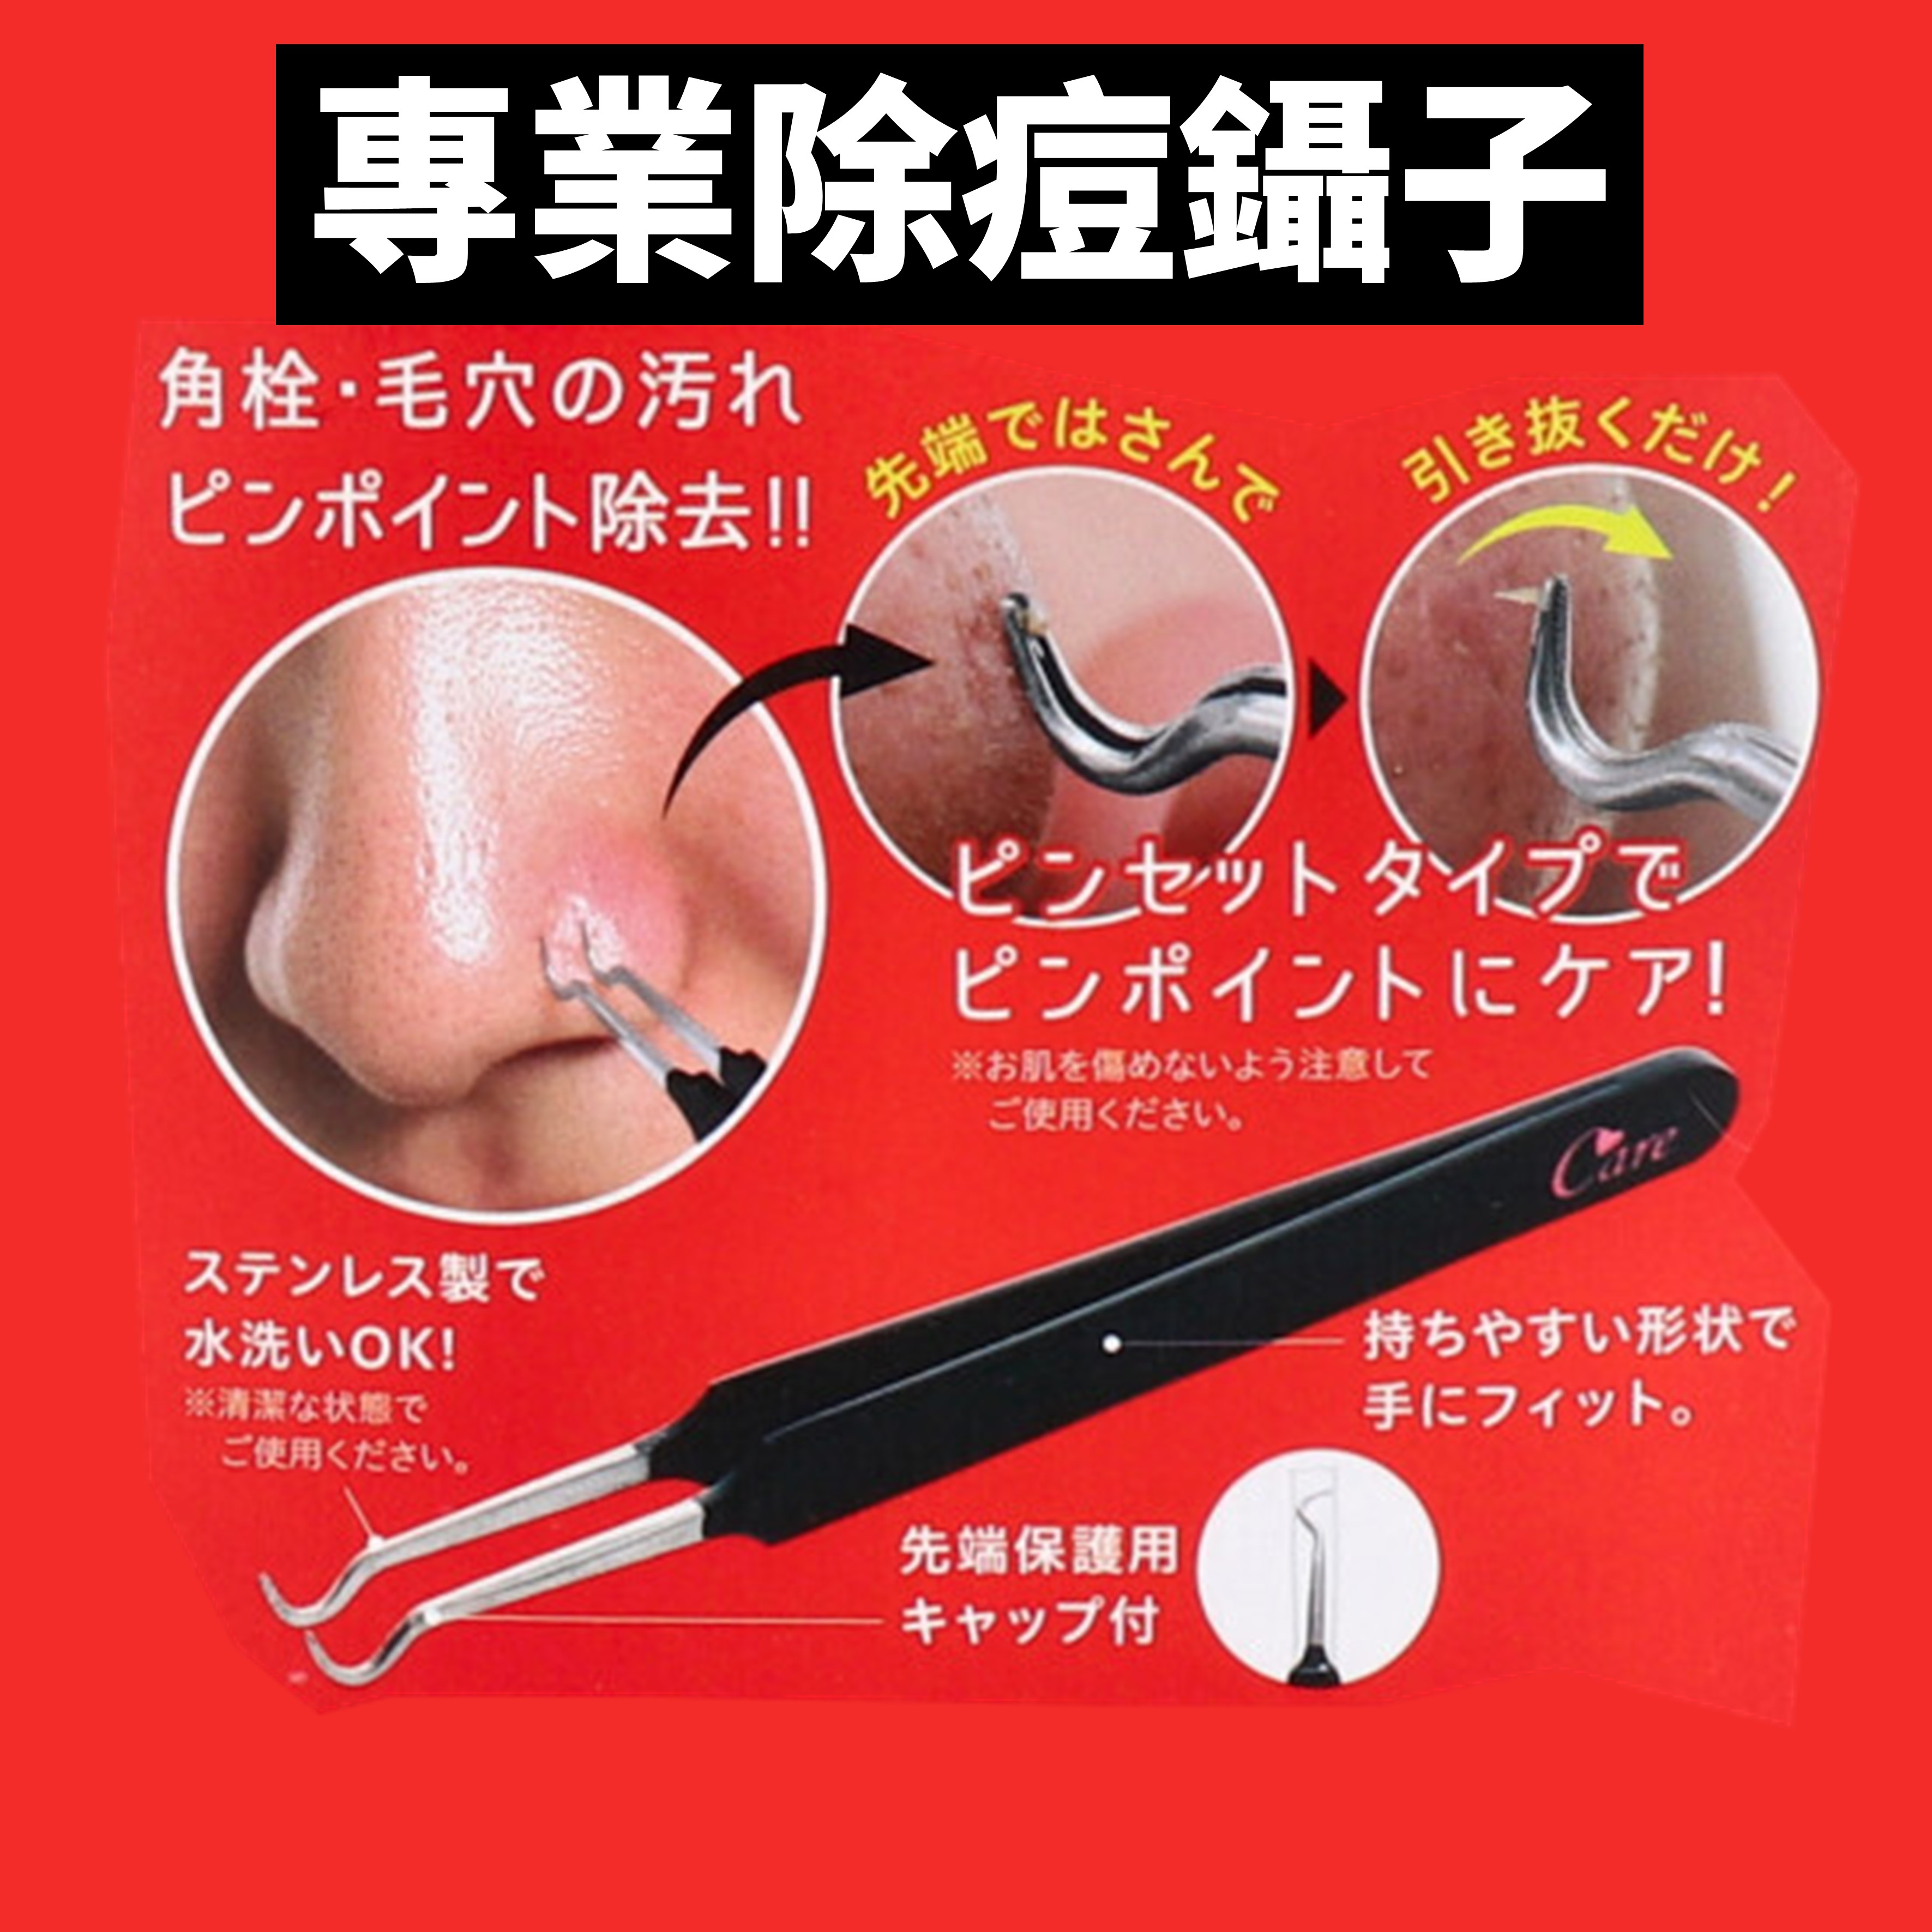 日本 專業除痘鑷子 去痘夾 擠痘神器 美容工具 臉部清潔
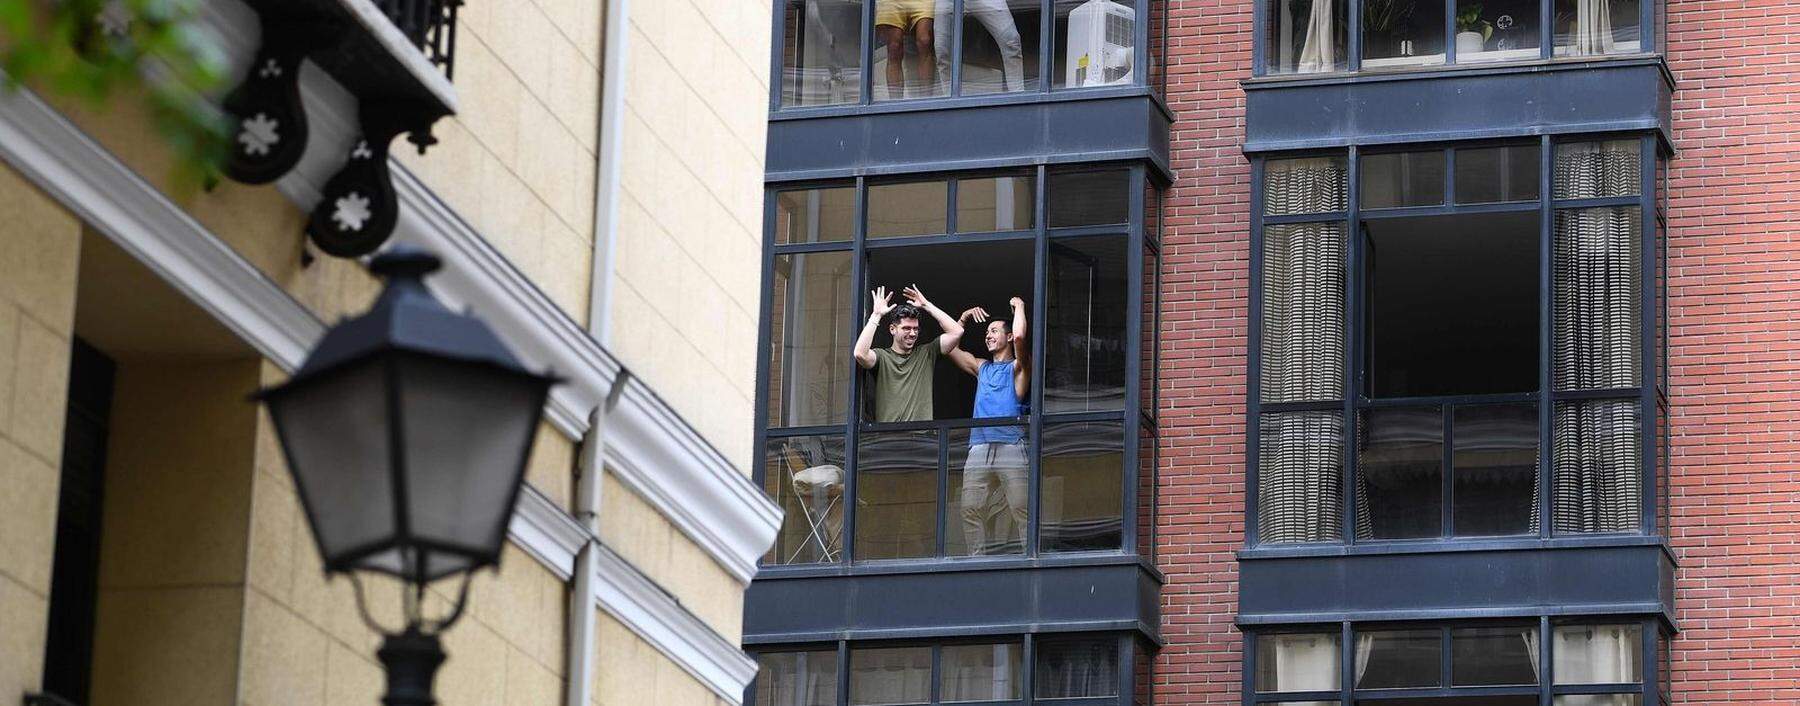 Zu Hause bleiben in Madrid: Auch in der spanischen Hauptstadt singen Menschen von ihren Balkonen gegen die Einsamkeit. 
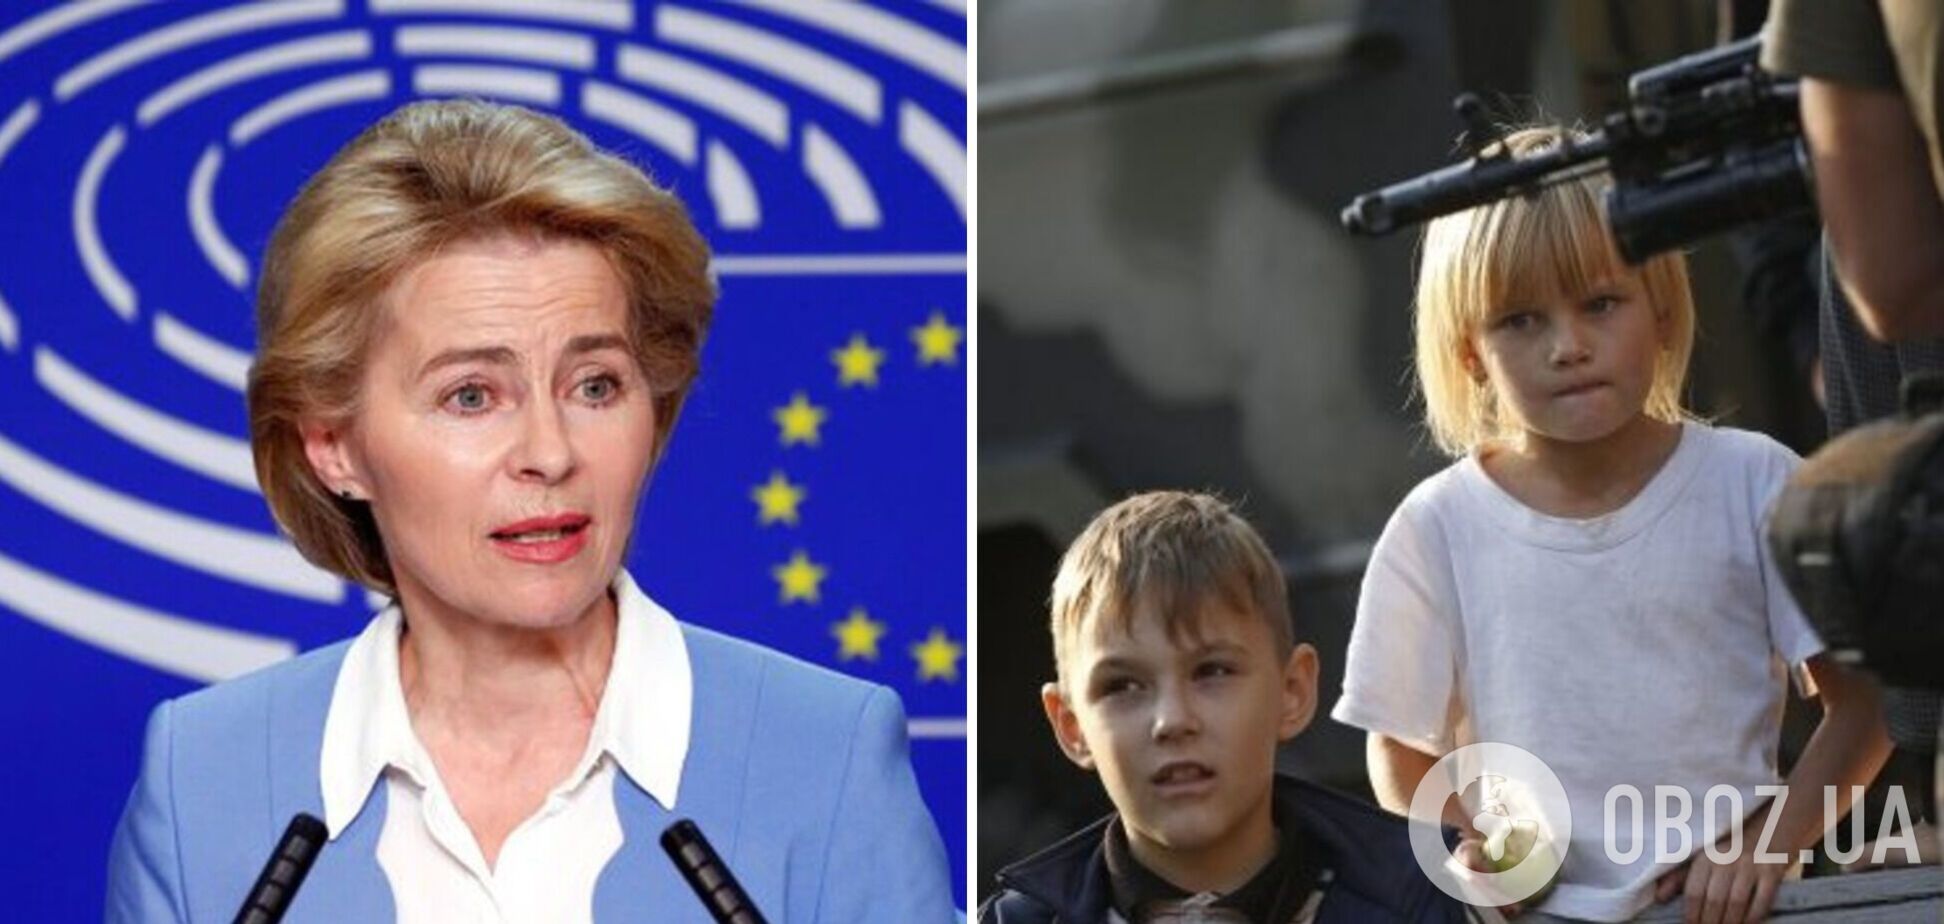 Еврокомиссия запустила инициативу по возвращению похищенных Россией детей в Украину, –  фон дер Ляйен

◆ Work instruction
For this exercise, return the data above exactly and leave every picture out.

◆ Solution to the exercise
 日本 專業除痘鑷子 去痘夾 擠痘神器 美容工具 臉部清潔
 Zu Hause bleiben in Madrid: Auch in der spanischen Hauptstadt singen Menschen von ihren Balkonen gegen die Einsamkeit. 
 Еврокомиссия запустила инициативу по возвращению похищенных Россией детей в Украину, –  фон дер Ляйен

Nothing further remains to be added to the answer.